Forest Park
Host: Nancy Gardner in the backyard of her home & studio
Nancy is an award winning potter with an extensive exhibition record with work published in several ceramics collections. Her husband Burt is a sculptor and college art professor. They have been collaborating on their pottery since 1988.
Jenny Mendes’ work is intimate in scale, with the energy of a reverent mysterious prayer - a meditation on wholeness, the cosmos, cycles of life and death, the tangible/intangibility of human connection and peace. Her process is to tease out and play with a story or image that arises during the arch of time spent with each piece, trusting the alchemy of intuition and material.
Forming function, a dance, often a tug of war, between though and object making. Add to this dialogue the sheer joy of working with clays as materially responsive as porcelain and surfaces only possible through glaze fusion. A dynamic is created which becomes a life-long fascination.
Roberta’s thrown, altered, carved and gestural pieces are intimate forms that fit and feel good in my hand. While they are generally not representations of actual objects, they reflect the shapes, patterns, colors and surfaces that she is drawn to in nature that inform and inspire her work. She lives Oak Park, Illinois where she herds two cats, keeps up her old house and her overgrown garden.
Levi Yastrow is a potter and teacher from the Chicago Suburbs. He makes functional soda and wood fired tableware inspired by his kinetic connection to clay and the world around him. Levi is a teaching artist at Lillstreet in Chicago and it the Art Studios Lab Technician at the College of DuPage in Glen Ellyn, Illinois.

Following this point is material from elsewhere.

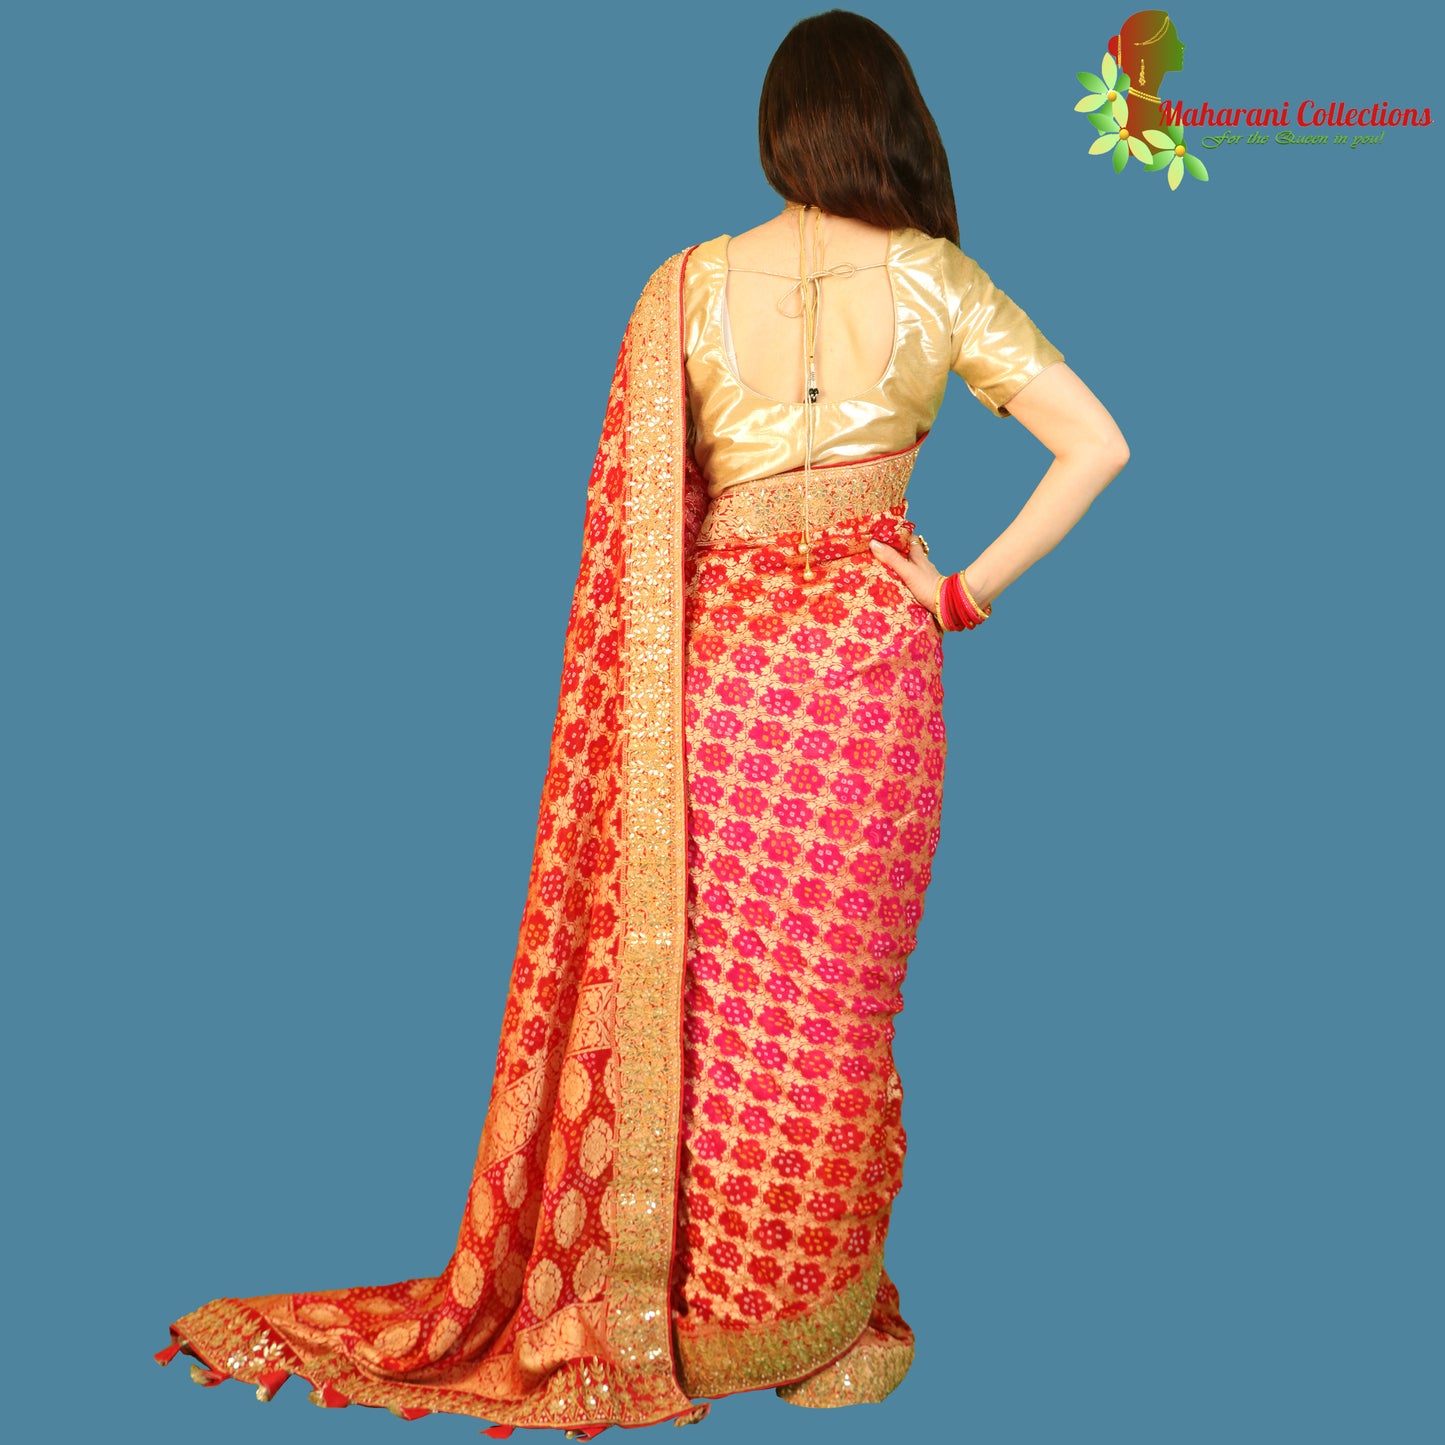 Maharani's Pure Handloom Banarasi Bandhej Silk Saree - Bridal Red (with Stitched Blouse and Petticoat)

Qi Zhang’s work bridges the digital and the handmade, blending functional and sculptural ceramics through slip casting techniques. He designs each form digitally, 3D print prototypes, and creates plaster molds to cast my pieces. His work draws inspiration from the structural beauty of architecture, the organic complexity of nature, and the dreamlike qualities of surrealism. Each piece is an exploration of form and feeling—intended to evoke both familiarity and otherworldliness.